Exercise objective: Nothing should differ between your output and the entries below.

(Records excerpted from a collection)
________________________________________
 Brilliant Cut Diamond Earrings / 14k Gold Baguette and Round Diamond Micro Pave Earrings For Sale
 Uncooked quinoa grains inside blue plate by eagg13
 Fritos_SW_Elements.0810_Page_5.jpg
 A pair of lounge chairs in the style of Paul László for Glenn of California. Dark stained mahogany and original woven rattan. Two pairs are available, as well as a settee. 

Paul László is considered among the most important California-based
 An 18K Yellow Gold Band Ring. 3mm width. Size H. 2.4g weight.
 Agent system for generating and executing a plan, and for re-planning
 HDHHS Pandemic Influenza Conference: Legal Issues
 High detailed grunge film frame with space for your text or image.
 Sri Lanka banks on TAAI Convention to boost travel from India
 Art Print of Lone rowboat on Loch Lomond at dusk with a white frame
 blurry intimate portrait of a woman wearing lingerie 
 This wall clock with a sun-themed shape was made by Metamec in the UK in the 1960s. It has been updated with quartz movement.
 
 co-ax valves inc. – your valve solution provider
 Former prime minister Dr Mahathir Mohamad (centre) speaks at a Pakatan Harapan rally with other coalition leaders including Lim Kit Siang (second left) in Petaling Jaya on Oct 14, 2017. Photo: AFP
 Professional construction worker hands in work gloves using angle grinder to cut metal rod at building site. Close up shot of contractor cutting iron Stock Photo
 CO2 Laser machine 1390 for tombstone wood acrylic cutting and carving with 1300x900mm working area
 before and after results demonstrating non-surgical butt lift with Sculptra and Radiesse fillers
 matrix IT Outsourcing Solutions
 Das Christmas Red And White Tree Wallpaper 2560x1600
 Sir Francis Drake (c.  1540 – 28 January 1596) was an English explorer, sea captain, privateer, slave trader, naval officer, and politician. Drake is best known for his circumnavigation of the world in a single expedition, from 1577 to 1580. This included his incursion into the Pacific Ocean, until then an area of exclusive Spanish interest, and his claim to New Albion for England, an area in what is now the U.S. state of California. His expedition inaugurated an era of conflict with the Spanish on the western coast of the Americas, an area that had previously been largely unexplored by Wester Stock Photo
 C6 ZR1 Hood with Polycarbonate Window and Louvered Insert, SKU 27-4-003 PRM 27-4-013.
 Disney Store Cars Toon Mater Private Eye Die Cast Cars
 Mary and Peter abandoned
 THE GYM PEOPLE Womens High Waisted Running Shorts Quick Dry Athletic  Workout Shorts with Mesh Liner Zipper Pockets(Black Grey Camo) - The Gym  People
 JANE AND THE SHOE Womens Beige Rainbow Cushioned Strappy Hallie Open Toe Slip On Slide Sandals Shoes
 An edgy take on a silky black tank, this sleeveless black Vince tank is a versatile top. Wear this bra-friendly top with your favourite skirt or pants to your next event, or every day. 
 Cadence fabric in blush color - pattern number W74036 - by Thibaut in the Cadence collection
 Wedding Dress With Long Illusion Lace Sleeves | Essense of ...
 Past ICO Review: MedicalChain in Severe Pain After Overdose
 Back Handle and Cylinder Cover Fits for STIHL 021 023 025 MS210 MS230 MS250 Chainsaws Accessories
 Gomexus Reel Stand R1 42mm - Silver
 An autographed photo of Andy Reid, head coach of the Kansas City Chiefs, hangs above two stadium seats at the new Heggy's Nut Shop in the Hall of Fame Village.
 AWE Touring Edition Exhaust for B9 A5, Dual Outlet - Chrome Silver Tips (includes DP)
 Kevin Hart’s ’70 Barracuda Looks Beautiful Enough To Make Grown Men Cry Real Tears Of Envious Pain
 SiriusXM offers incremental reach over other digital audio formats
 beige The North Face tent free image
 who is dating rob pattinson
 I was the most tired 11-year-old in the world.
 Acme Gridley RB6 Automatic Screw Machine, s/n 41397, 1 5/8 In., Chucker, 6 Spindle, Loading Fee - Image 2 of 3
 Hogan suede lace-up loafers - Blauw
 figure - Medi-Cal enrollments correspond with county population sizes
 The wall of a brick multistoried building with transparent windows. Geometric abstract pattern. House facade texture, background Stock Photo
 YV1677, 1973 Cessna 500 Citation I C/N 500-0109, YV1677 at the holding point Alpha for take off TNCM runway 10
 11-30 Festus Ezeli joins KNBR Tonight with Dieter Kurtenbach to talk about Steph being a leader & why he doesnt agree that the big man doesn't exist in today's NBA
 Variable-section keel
________________________________________
Problem solution:
 Brilliant Cut Diamond Earrings / 14k Gold Baguette and Round Diamond Micro Pave Earrings For Sale
 Uncooked quinoa grains inside blue plate by eagg13
 Fritos_SW_Elements.0810_Page_5.jpg
 A pair of lounge chairs in the style of Paul László for Glenn of California. Dark stained mahogany and original woven rattan. Two pairs are available, as well as a settee. 

Paul László is considered among the most important California-based
 An 18K Yellow Gold Band Ring. 3mm width. Size H. 2.4g weight.
 Agent system for generating and executing a plan, and for re-planning
 HDHHS Pandemic Influenza Conference: Legal Issues
 High detailed grunge film frame with space for your text or image.
 Sri Lanka banks on TAAI Convention to boost travel from India
 Art Print of Lone rowboat on Loch Lomond at dusk with a white frame
 blurry intimate portrait of a woman wearing lingerie 
 This wall clock with a sun-themed shape was made by Metamec in the UK in the 1960s. It has been updated with quartz movement.
 
 co-ax valves inc. – your valve solution provider
 Former prime minister Dr Mahathir Mohamad (centre) speaks at a Pakatan Harapan rally with other coalition leaders including Lim Kit Siang (second left) in Petaling Jaya on Oct 14, 2017. Photo: AFP
 Professional construction worker hands in work gloves using angle grinder to cut metal rod at building site. Close up shot of contractor cutting iron Stock Photo
 CO2 Laser machine 1390 for tombstone wood acrylic cutting and carving with 1300x900mm working area
 before and after results demonstrating non-surgical butt lift with Sculptra and Radiesse fillers
 matrix IT Outsourcing Solutions
 Das Christmas Red And White Tree Wallpaper 2560x1600
 Sir Francis Drake (c.  1540 – 28 January 1596) was an English explorer, sea captain, privateer, slave trader, naval officer, and politician. Drake is best known for his circumnavigation of the world in a single expedition, from 1577 to 1580. This included his incursion into the Pacific Ocean, until then an area of exclusive Spanish interest, and his claim to New Albion for England, an area in what is now the U.S. state of California. His expedition inaugurated an era of conflict with the Spanish on the western coast of the Americas, an area that had previously been largely unexplored by Wester Stock Photo
 C6 ZR1 Hood with Polycarbonate Window and Louvered Insert, SKU 27-4-003 PRM 27-4-013.
 Disney Store Cars Toon Mater Private Eye Die Cast Cars
 Mary and Peter abandoned
 THE GYM PEOPLE Womens High Waisted Running Shorts Quick Dry Athletic  Workout Shorts with Mesh Liner Zipper Pockets(Black Grey Camo) - The Gym  People
 JANE AND THE SHOE Womens Beige Rainbow Cushioned Strappy Hallie Open Toe Slip On Slide Sandals Shoes
 An edgy take on a silky black tank, this sleeveless black Vince tank is a versatile top. Wear this bra-friendly top with your favourite skirt or pants to your next event, or every day. 
 Cadence fabric in blush color - pattern number W74036 - by Thibaut in the Cadence collection
 Wedding Dress With Long Illusion Lace Sleeves | Essense of ...
 Past ICO Review: MedicalChain in Severe Pain After Overdose
 Back Handle and Cylinder Cover Fits for STIHL 021 023 025 MS210 MS230 MS250 Chainsaws Accessories
 Gomexus Reel Stand R1 42mm - Silver
 An autographed photo of Andy Reid, head coach of the Kansas City Chiefs, hangs above two stadium seats at the new Heggy's Nut Shop in the Hall of Fame Village.
 AWE Touring Edition Exhaust for B9 A5, Dual Outlet - Chrome Silver Tips (includes DP)
 Kevin Hart’s ’70 Barracuda Looks Beautiful Enough To Make Grown Men Cry Real Tears Of Envious Pain
 SiriusXM offers incremental reach over other digital audio formats
 beige The North Face tent free image
 who is dating rob pattinson
 I was the most tired 11-year-old in the world.
 Acme Gridley RB6 Automatic Screw Machine, s/n 41397, 1 5/8 In., Chucker, 6 Spindle, Loading Fee - Image 2 of 3
 Hogan suede lace-up loafers - Blauw
 figure - Medi-Cal enrollments correspond with county population sizes
 The wall of a brick multistoried building with transparent windows. Geometric abstract pattern. House facade texture, background Stock Photo
 YV1677, 1973 Cessna 500 Citation I C/N 500-0109, YV1677 at the holding point Alpha for take off TNCM runway 10
 11-30 Festus Ezeli joins KNBR Tonight with Dieter Kurtenbach to talk about Steph being a leader & why he doesnt agree that the big man doesn't exist in today's NBA
 Variable-section keel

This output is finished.